The other VGDP instances will run on nodes, which instance type is `Standard_B4ms`.
### LoadAffinity interacts with BackupPVC
``` json
{
"loadAffinity": [
{
"nodeSelector": {
"matchLabels": {
"beta.kubernetes.io/instance-type": "Standard_B4ms"
}
},
"storageClass": "kibishii-storage-class"
},
{
"nodeSelector": {
"matchLabels": {
"beta.kubernetes.io/instance-type": "Standard_B2ms"
}
},
"storageClass": "worker-storagepolicy"
}
],
"backupPVC": {
"kibishii-storage-class": {
"storageClass": "worker-storagepolicy"
}
}
}
```
Velero data mover supports to use different StorageClass to create backupPVC by [design](https://github.com/vmware-tanzu/velero/pull/7982).
In this example, if the backup target PVC's StorageClass is `kibishii-storage-class`, its backupPVC should use StorageClass `worker-storagepolicy`. Because the final StorageClass is `worker-storagepolicy`, the backupPod uses the loadAffinity specified by `loadAffinity`'s elements with `StorageClass` field set to `worker-storagepolicy`. backupPod will be assigned to nodes, which instance type is `Standard_B2ms`.
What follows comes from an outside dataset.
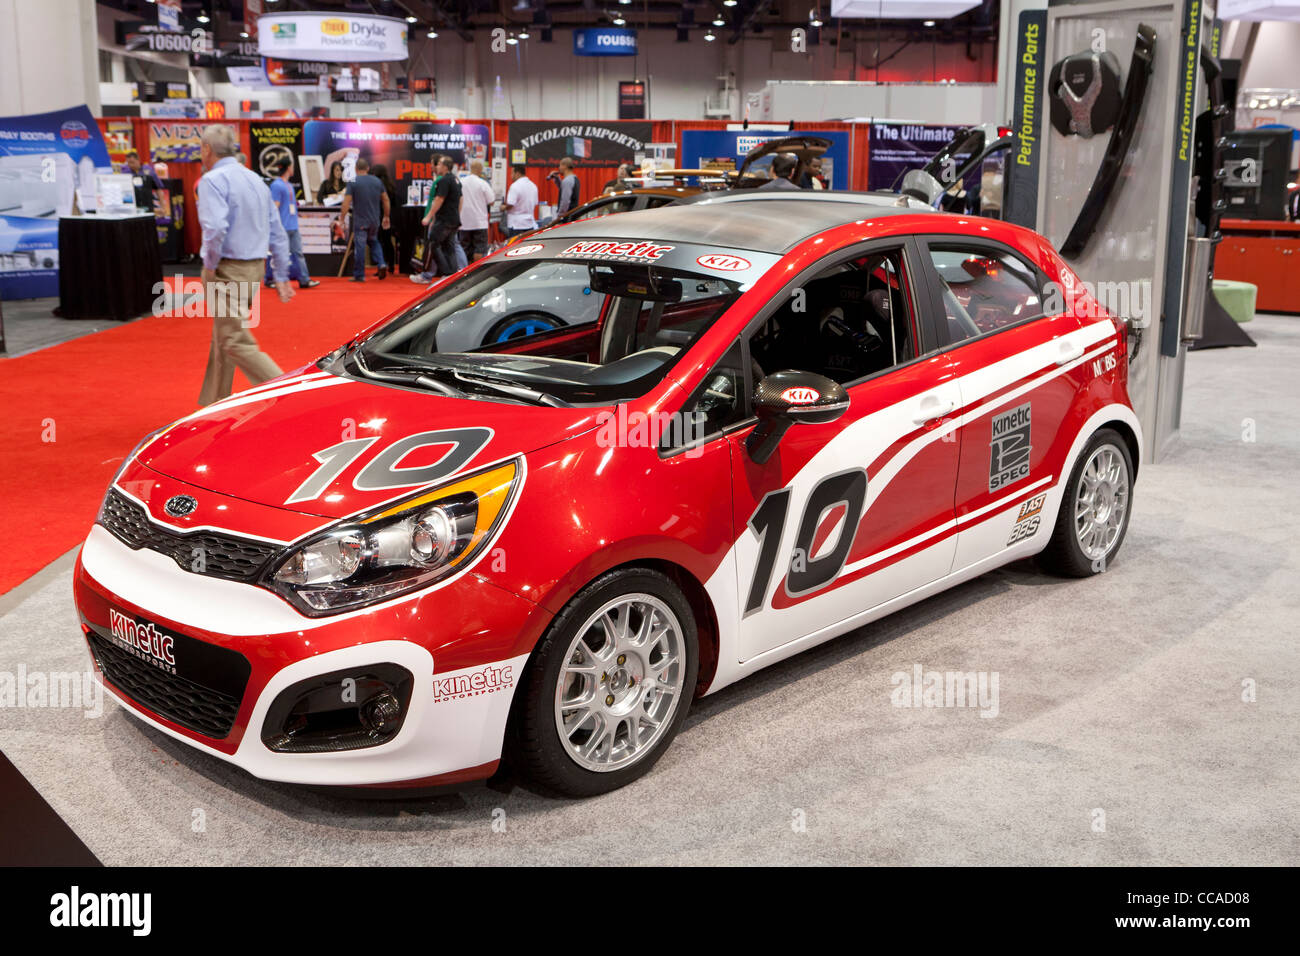 KIA kinetische Forte Koup Motorsport Rennwagen bei Auto-show Stockbild

### LoadAffinity interacts with RestorePVC
``` json
{
"loadAffinity": [
{
"nodeSelector": {
"matchLabels": {
"beta.kubernetes.io/instance-type": "Standard_B4ms"
}
},
"storageClass": "kibishii-storage-class"
}
],
"restorePVC": {
"ignoreDelayBinding": false
}
}
```
#### StorageClass's bind mode is WaitForFirstConsumer
``` yaml
apiVersion: storage.k8s.io/v1
kind: StorageClass
metadata:
name: kibishii-storage-class
parameters:
svStorageClass: worker-storagepolicy
provisioner: csi.vsphere.vmware.com
reclaimPolicy: Delete
volumeBindingMode: WaitForFirstConsumer
```
If restorePVC should be created from StorageClass `kibishii-storage-class`, and it's volumeBindingMode is `WaitForFirstConsumer`.
Although `loadAffinityPerStorageClass` has a section matches the StorageClass, the `ignoreDelayBinding` is set `false`, the Velero exposer will wait until the target Pod scheduled to a node, and returns the node as SelectedNode for the restorePVC.
As a result, the `loadAffinityPerStorageClass` will not take affect.
#### StorageClass's bind mode is Immediate
``` yaml
apiVersion: storage.k8s.io/v1
kind: StorageClass
metadata:
name: kibishii-storage-class
parameters:
svStorageClass: worker-storagepolicy
provisioner: csi.vsphere.vmware.com
reclaimPolicy: Delete
volumeBindingMode: Immediate
```
Because the StorageClass volumeBindingMode is `Immediate`, although `ignoreDelayBinding` is set to `false`, restorePVC will not be created according to the target Pod.
The restorePod will be assigned to nodes, which instance type is `Standard_B4ms`.